He started the Hungarian film archives, and I was his assistant. So we got close. He was a very nice man. He died fairly young, in 1949. He wasn't just a film historian and critic, he was also a very good Hungarian poet. He wrote two of Béla Bartók's librettos.
You kept up with working in theatre, though.
I haven't worked in the theatre for a long time. We have very closed circles here in the arts world, and the theatre people always looked at me as an outsider. So, I stopped working in the theatre in the 1980s.
When you left film school, you made newsreels for a number of years. Obviously, these aren't considered among your greatest achievements. How do you feel about all those years? Were they a waste of time or did they teach you something?
Well, they were all lies what we did, but technically they were very important. I learnt the craft of film-making. We used light cameras with no sound facilities, as these were too heavy at this time. They were Reflexes that were used by the Germans in the war. The good point was that we were constantly going around the country, so we could see what was actually going on.
When you watch these films, you think they are reality, but it's all lies. You think that film always mirrors reality, but I made these things and I knew they did not.
So, 1956 happened and then life continued with János Kádár and his regime, and they let off the pressure a bit—you could even say liberalising things. So from the 1960s, it wasn't the cruel Bolshevism that was present. Kádár had two murders on his hands, one was [foreign secretary] Laszló Rajik, a party comrade who was executed after a show trial [in 1949 for criticising Stalinism] and the other was Imre Nagy, the prime minister at the time of the  uprising. He had some sort of guilt about this, so his politics were relatively liberal. They said that he was trying to wash his hands of the blood by doing this.
The story of Kádár would be a really good story to make into a film—very Shakespearean.
When the uprising itself happened, you were in China...
Yes, I was there for four months at that time. My friends told me that it was really good that I was out of the country when it happened, as I would have been hanged [as a Stalinist]. You need some luck in life as well.
After 1956, you considered converting to Judaism and emigrating to Israel.
I never wanted to convert, but I did want to move to Israel. I was thinking about it. I'm not a religious person of any sort, even though I went to a Catholic school, but it was quite liberal.
So why Israel, of all the places in the world, if you didn't want to convert?
Why? I felt close to these biblical places. I grew up with the bible, and I've constantly been drawn to Jewish culture, and the bible is pretty much based on that. I've had many Jewish friends, and they were always very intelligent. I was interested in the whole culture. The Hungarian economy, the culture, even Hungarian literature for the last 400 years, none of it could have existed without Jews. I've never really thought about it this way, but it was probably because in my Romanian family it didn't matter what kind of roots you had to be a part of the local culture.
You've said previously that you are ashamed at not having taken up arms in World War II. Is part of your interest in Jewish culture guilt at not having fought to save them?

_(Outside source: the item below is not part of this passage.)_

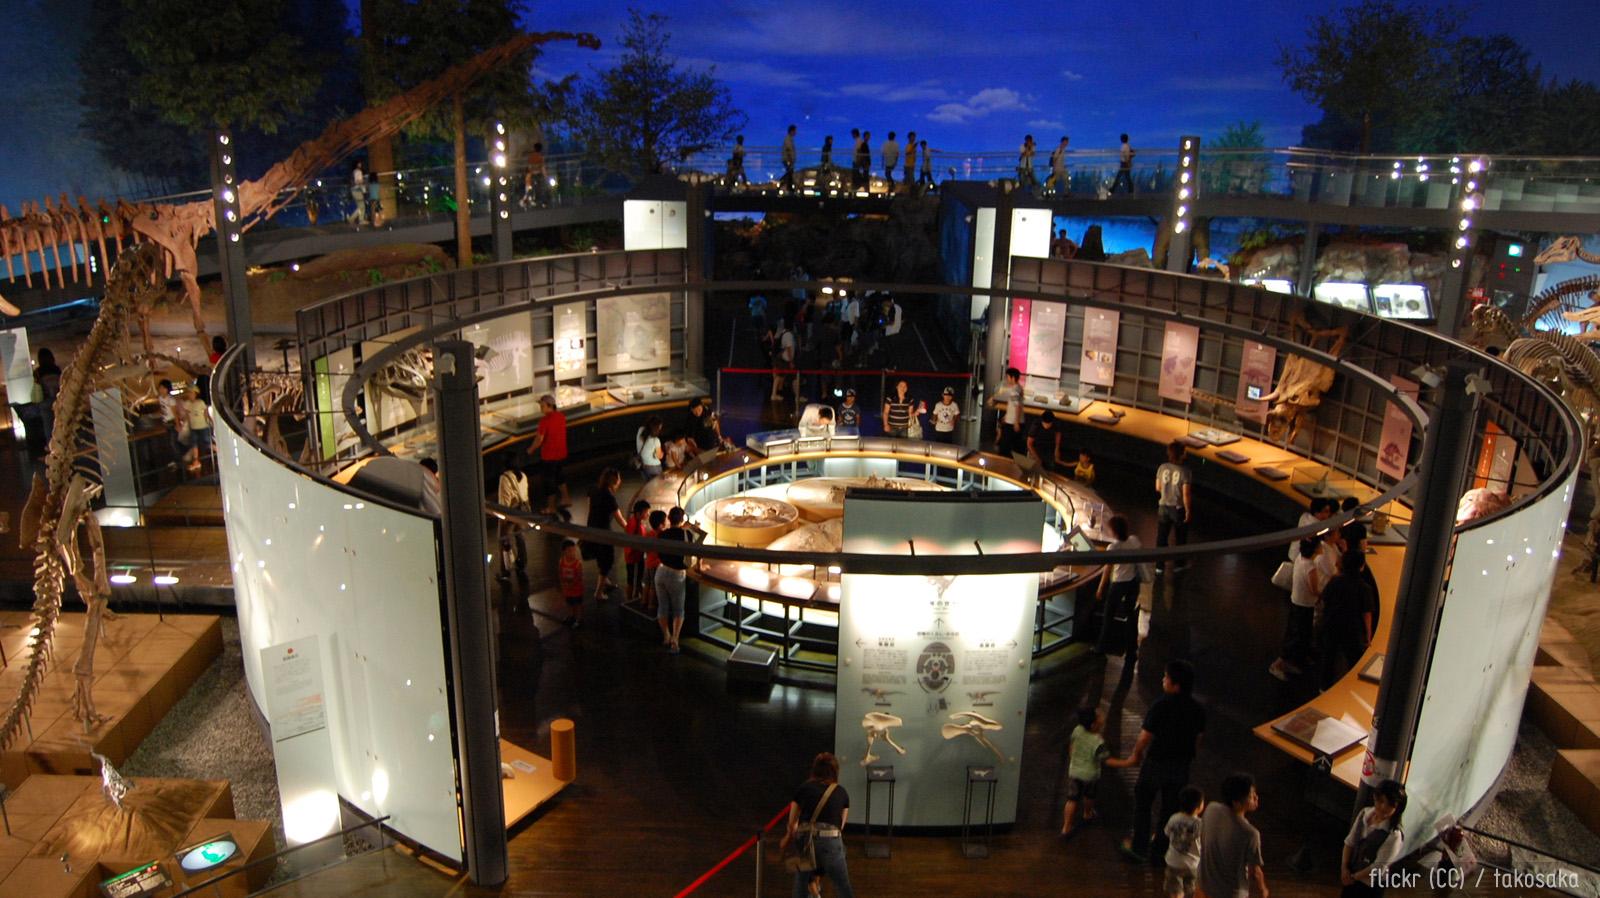 Sisäkuva museosta

Up to the very last minute, we had no idea what was happening to the Jews. We knew they were being rounded up and deported, but we didn't know where they were going or why. The regent of Hungary [Horthy] had been trying to hold Hungary back from entering the war. He didn't hold the country back from being anti-Semitic, as he was an anti-Semite himself. We knew even around 1943 that the Germans would lose the war, and Hungary tried to stay semi-independent. But when the Germans realised this, they occupied the country. That was 19 March 1944. I remember this as I became a doctor of law the day before.
I was living in Kolazsvár [now in Romania and called Cluj] at the time, and there was a group organised to protest against the German occupation. On 20 March, in the university, they made declarations and started to prepare to fight against the German occupation. But a former government minister came to the university and told them they'd be dead in one week if they tried to do anything. So, on his advice everyone dispersed into the mountains. We were all in small groups and we were getting ready to get weapons to fight the Germans. But it was just an illusion. We didn't carry it out. There was a moment there to really do something, but nothing came of it.
Hungary is not really a country to carry out partisan fighting in. There are no big mountains or forests to hide in. Up to the 1800s, there were huge swamps and forests, and there were a lot of bandits and freedom fighters that could hide in the swamps. They fought the Turks and the Austrians like this. In the 1800s, though, they drained these swamps and felled the forests to make agricultural land, and there were no more hiding places. Nature didn't give us a chance to fight. That's why Hungarians were so shitty at fighting; we could never hide anywhere.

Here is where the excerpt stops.